ALAN v29n3 - Popular Postmodernism for Young Adult Readers: Walk Two Moons, Holes, and Monster

Volume 29, Number 3
Spring/Summer 2002


https://doi.org/10.21061/alan.v29i3.a.11


Popular Postmodernism for Young Adult Readers:
Walk Two Moons, Holes, and Monster

Stephenie Yearwood

One of the ongoing debates in children's and young adult literature recently has been over the issue of whether, and how, and to what extent the literature, broadly defined, is becoming "postmodern." In The Pleasures of Children's Literature , Perry Nodelman (1996) describes children's literature as being (among other qualities) simple, action-oriented, and didactic (190). Swedish critic Maria Nikolajeva argues, in Children's Literature Comes of Age: Toward a New Aesthetic ( 1996 ) argues, to the contrary, stating that children's literature (which, for her, includes YA literature) was showing more and more postmodern qualities. She holds that although "genre" books still dominate the field, more and more '''auteur' books, literary, sophisticated, and complex" have been appearing (207). In 1998, Nikolajeva replied specifically to Nodelman by arguing that "an ever-growing segment of contemporary children's literature is transgressing its own boundaries, coming closer to mainstream literature, and exhibiting the most prominent features of postmodernism, such as genre eclecticism, disintegration of traditional narrative structures, polyphony, intersubjectivity and metafiction" (Nikolajeva, "Exit" 222).
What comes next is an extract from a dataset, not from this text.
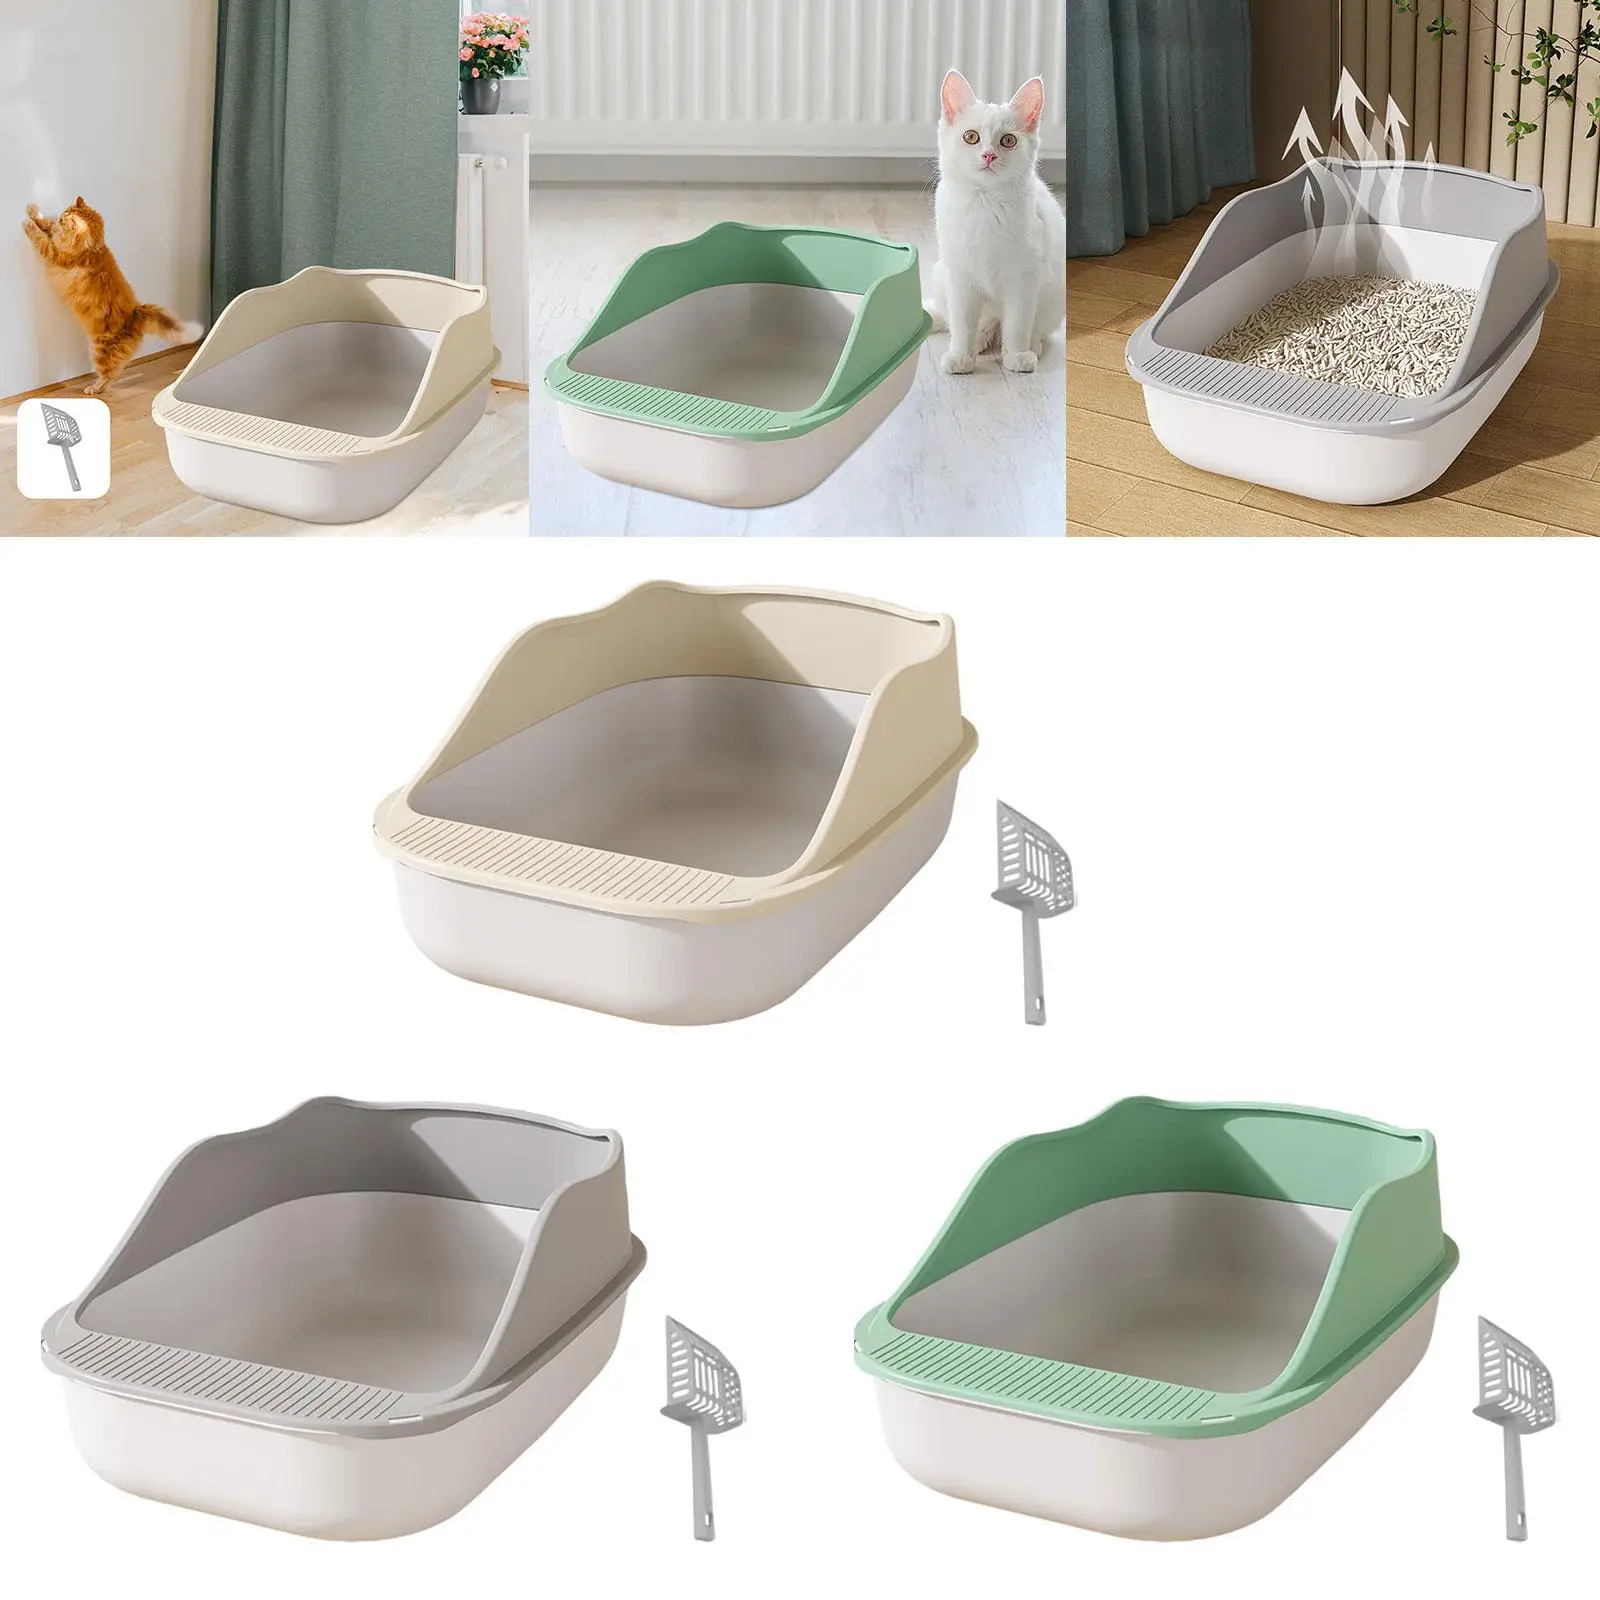 Cat Litter Box Easy Cleaning Durable Anti Splashing Semi Closed Cat Potty Pan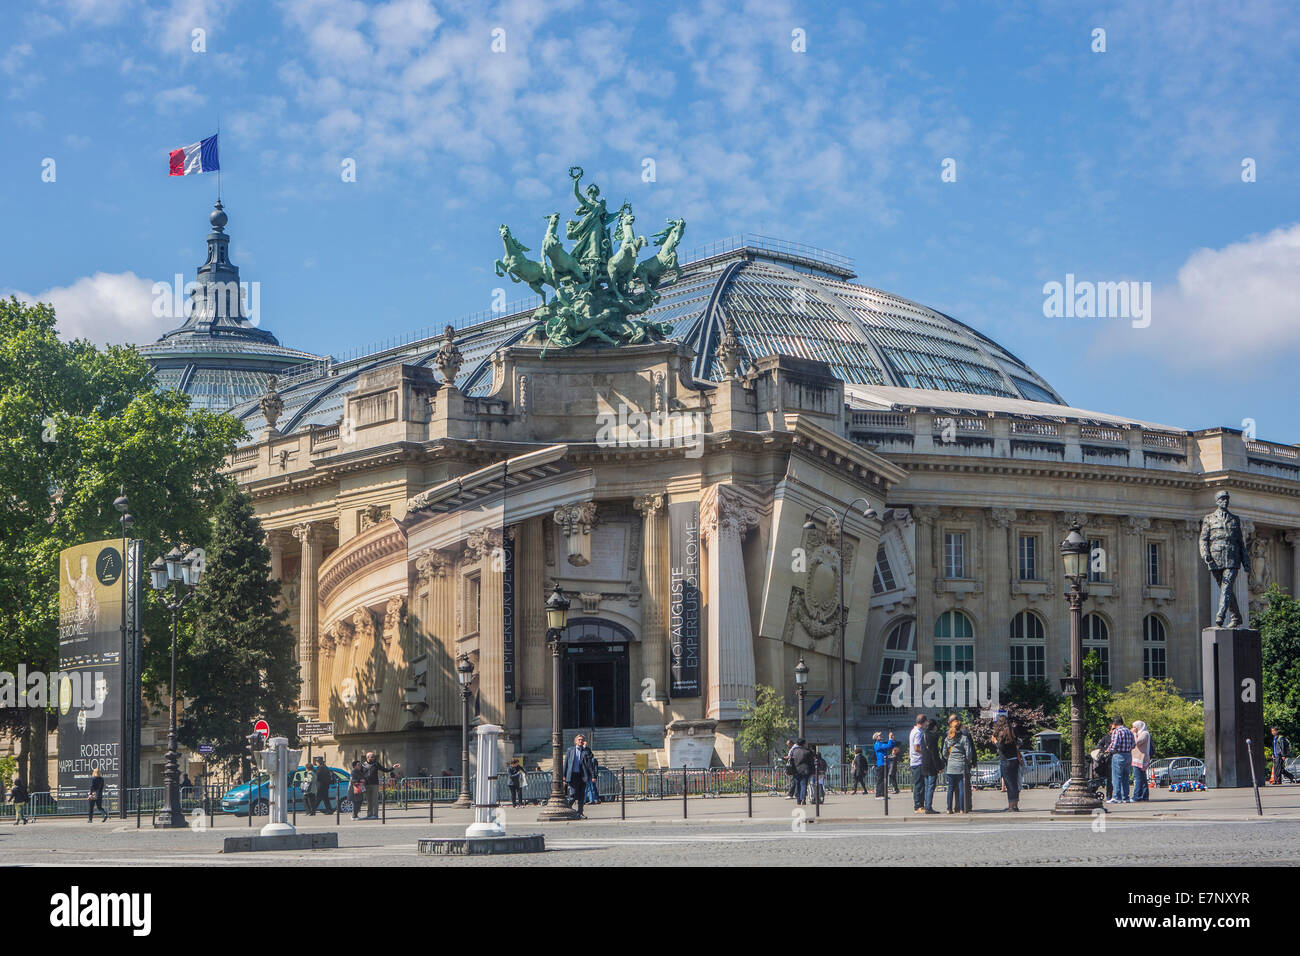 City, Entrance, France, Grand Palais, Paris, architecture, art, artistic, exposition, eye catching, tourism, travel, weird Stock Photo

As I examine these arguments from the point of view of 2002, it seems to me that if we focus exclusively on young adult literature, we will find that one part of the larger world of "children's literature" has now fully embraced the postmodern mode. To put it a bit differently, whereas the distinctively postmodern YA works have, until recently, been "fringe" or "auteur" books, beloved of critics, they have not been popular favorites. Now they are.

Three recent YA books that are very popular provide examples of works that fearlessly use postmodernist ideas and techniques: Sharon Creech's Walk Two Moons , Louis Sachar's Holes , and Walter Dean Myers' Monster . The first two are well-known Newbery Award winners of 1995 and 1998 respectively, and the third is a 1999 winner of the ALA Michael Printz Award, the Coretta Scott King Award, and a finalist for the National Book Award. Sales figures for these books indicate that they clearly are mainstream reading. Their literary qualities move them out of the historical tradition of simplicity and didactic morality which Nodelman describes, and into the mode which Nikolajeva defines as postmodern. What's more, there are many others like them. The tide has turned, and the turn of this century also marks a turning point for YA literature.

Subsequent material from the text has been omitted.